A parallel Internet-based uprising against corruption and inefficiency is building in China, where there have even been warnings within the ruling Community Party that graft could be its downfall. Internet media storms, Reuters reports, have included exposures of officials enjoying luxury overseas holidays in the name of "study" trips.

China's latest grassroots Web cause is demand for more transparency in the government's $585 billion economic stimulus plans. Don't look for a parallel to the site the Obama administration set up to track spending under the U.S. stimulus program. But the Chinese government will be hard put to quash electronic dissent: 3,000 websites are being created daily in China, with over 300 million Internet users nationwide. In the process, official media monopolies get blown to smithereens.

Before the Web, the best hope for reducing corrupt practices worldwide had been training more skilled administrators, inculcated with values of fair service to all, not just the rich or connected.

The idea's still a good one, and could make a special difference in especially poor countries. The highest corruption, Transparency International surveys show, is found in very poor countries with weak civil service–such nations as Haiti, Afghanistan, Sudan, Zimbabwe and Uzbekistan–or Somalia, where there's essentially no government right now.

But the Web can be a powerful tool everywhere–first in making more voices heard, and second as a route to more open governance.

E-government practices, demanded by critics or inaugurated by far-sighted leaders, involve taking the functions of old, paper-based bureaucracies and putting them on accessible Web sites where it's harder for government bureaucrats to skim off a percent for themselves.

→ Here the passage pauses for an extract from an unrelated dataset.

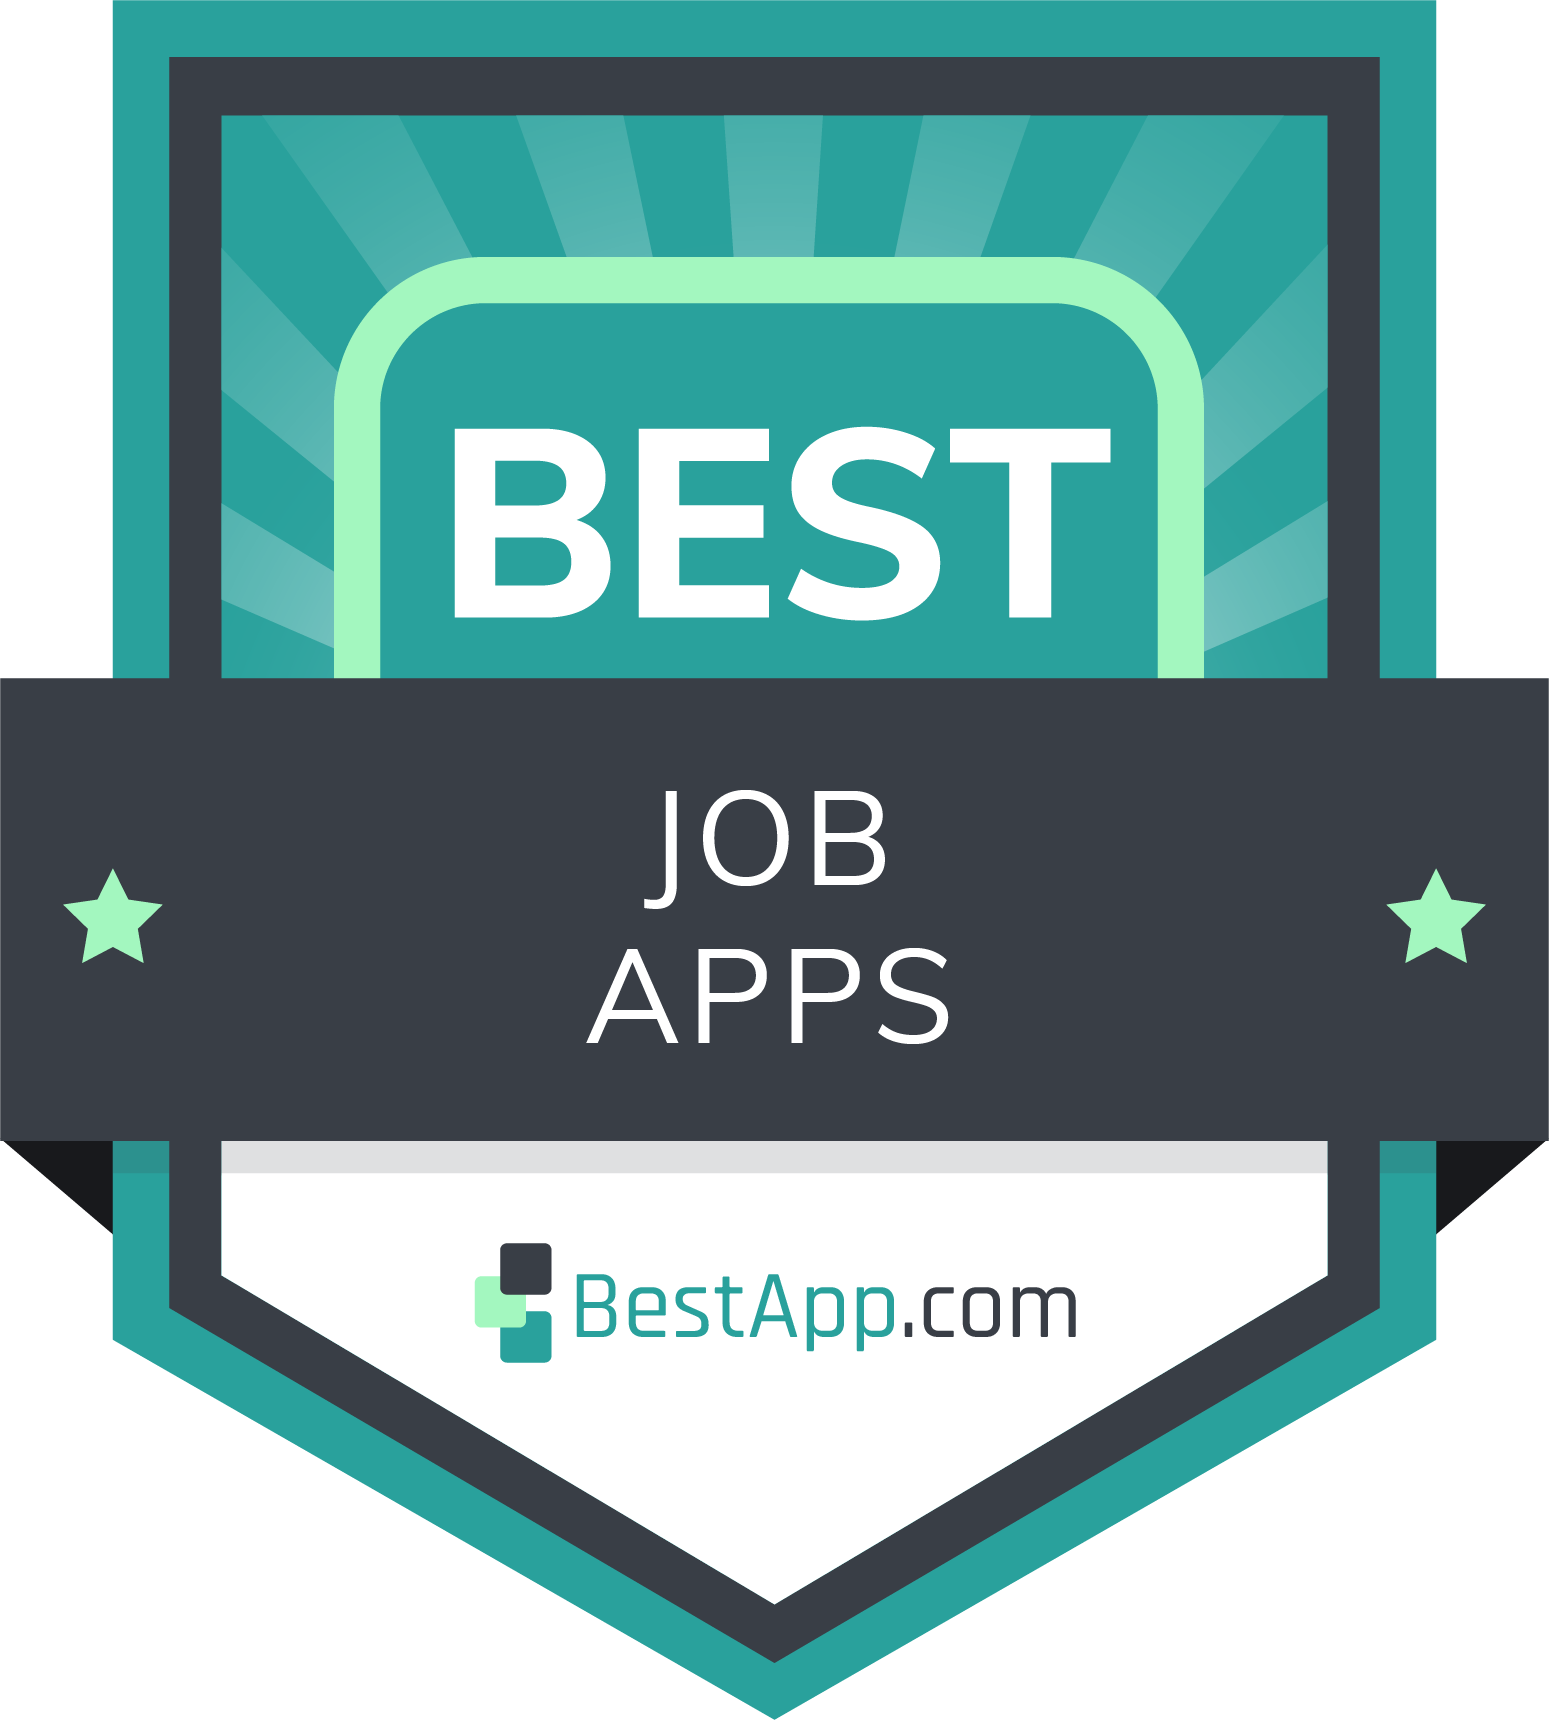 Best Job Apps Badge

One example: digitizing India's massive railway reservations system. Buying a ticket used to be difficult unless one knew someone to bribe. Now, though, the tickets can be bought easily, at face value–online from vending machines at stations.

Or consider a U.S. example of e-government throwing light onto dubious or corrupt private market activities that can have disastrous impacts.

The Securities and Exchange Commission decided last December to open easy Web access to the regular reports it receives from all public corporations and mutual funds. Previously the reports had been technically public, but buried in hard-to-access paper ledgers. Now the companies will have to report in a single "interactive data" format developed by a worldwide consortium of businesses, associations and government agencies. With clear definitions, for example, of what's "company net profit" or "net income."

Announcing the move from "document disclosure to data disclosure," then-SEC Chairman Christopher Cox noted that "the Enron and WorldComm collapses, the subprime mortgage situation, all happened in part" because "false and highly speculative information was hidden in complex documents. False information was to easy to hide."

The bottom line's clear: from the poorest to wealthiest nations, the Web's sanitizing power to end-run bureaucracies, democratize data, shrink corruption, has to be rated one of the most powerful–and welcome–frontiers of the century.